Stanley Johnson, the father of new British prime minister, Boris Johnson, has revealed how he can't quite believe that his "wayward, soft-arse son" has made it all the way to the top of the pile, and is now about to assume control of the country.
Stanley Johnson, 78, is an author, and, although he doesn't write fiction, claims that, even on his best literary form, he could never have dreamt up anything quite as fictitional as his nutty offspring becoming PM, calling it "fantastical".
"He's a daft lad, pure and simple," said Johnson Snr. "Doesn't know his arse from his elbow. God only knows what kind of muppets have had the wool pulled over their eyes for them to have voted for Boris to get the job!

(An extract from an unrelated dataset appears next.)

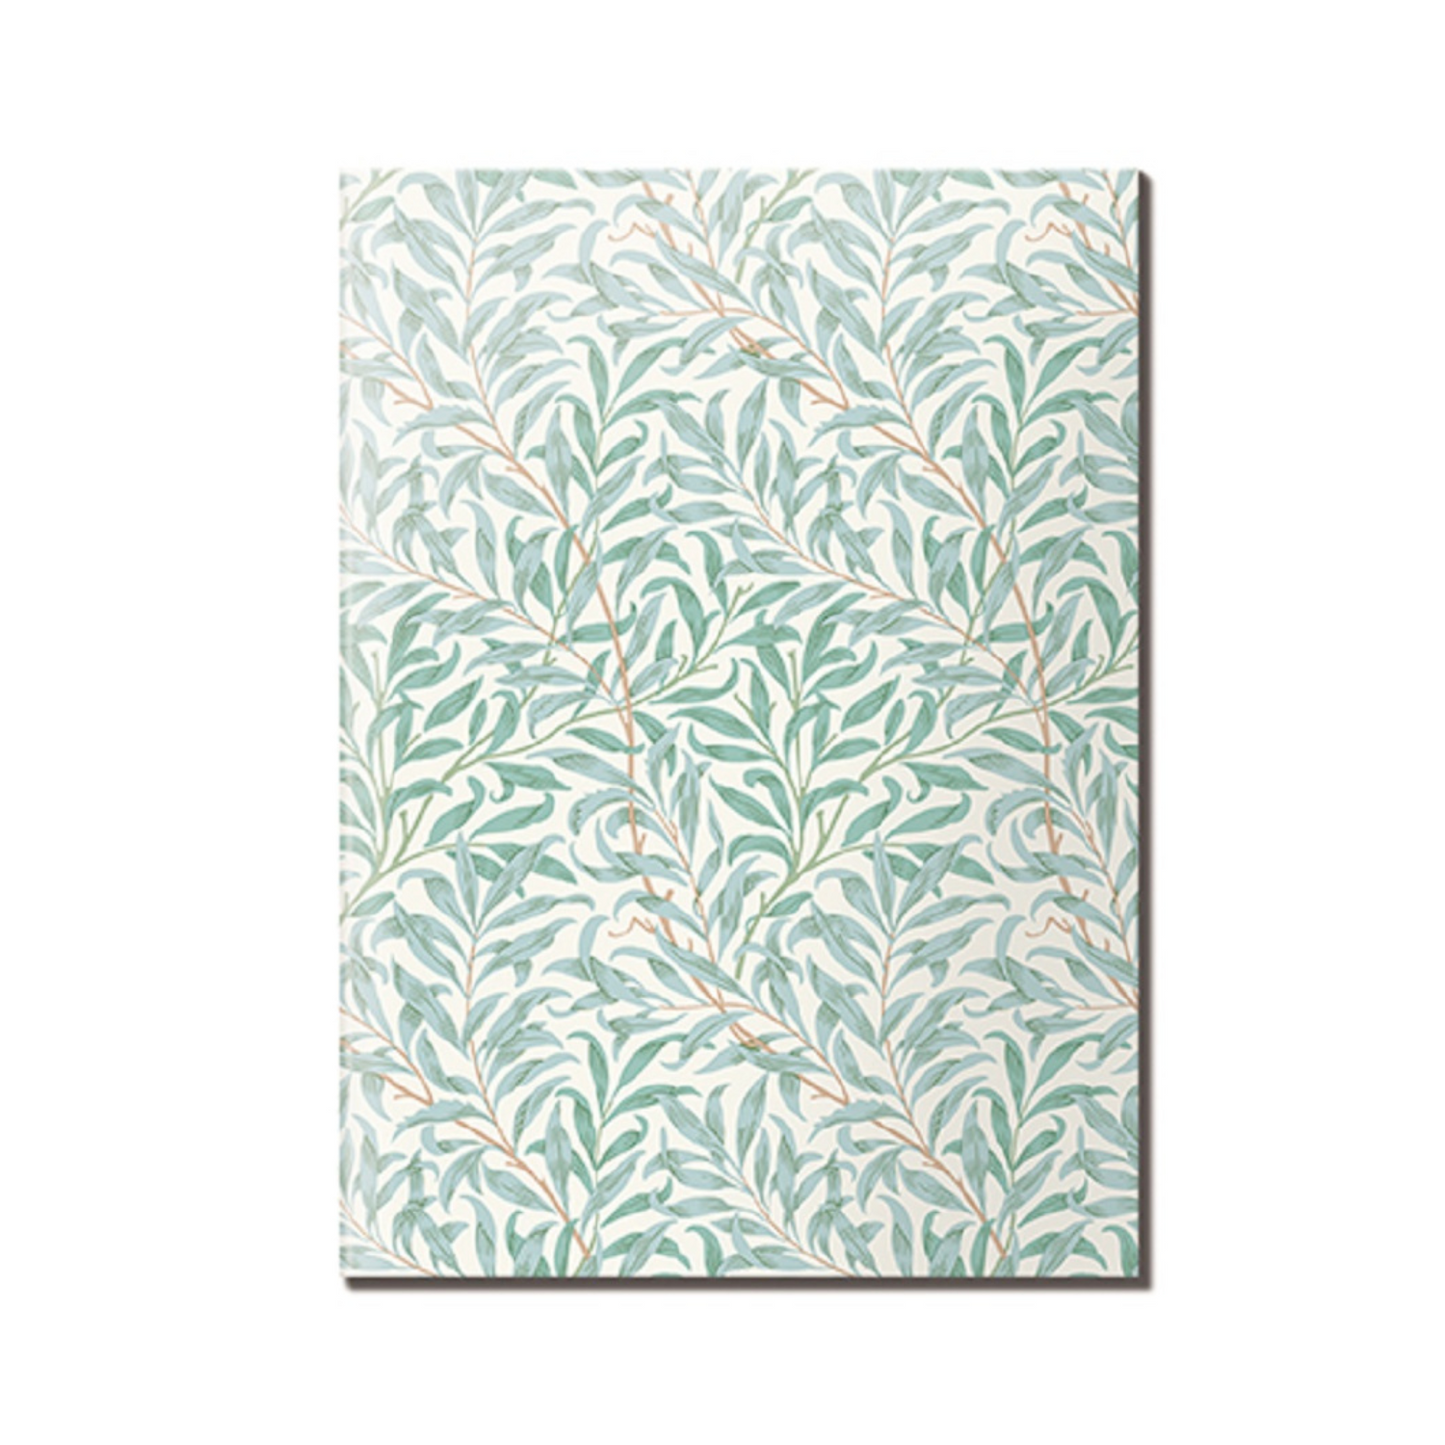 William Morris Set Of 3 A6 Notebooks In Mixed Designs

Bloody hell fire!"
And he warned there may be surprises up ahead:
"We never know what the bloody clown will do next! His mouth works faster than his brain. Always getting into scrapes, like that one recently with his bird. Divorce, sacking, resignation, disgrace - all words that go hand-in-hand with Boris. Keep your heads down, and your wits handy!"
Asked whether he thought his son would make a good prime minister, Johnson said:
"I shouldn't think so. Everything's arse-about-tit with him. He never knows what day of the week it is. He's a joker who opens his mouth, and sticks his size 12 boot in it. It'll be an interesting ride though, especially if you're interested in catastrophes!"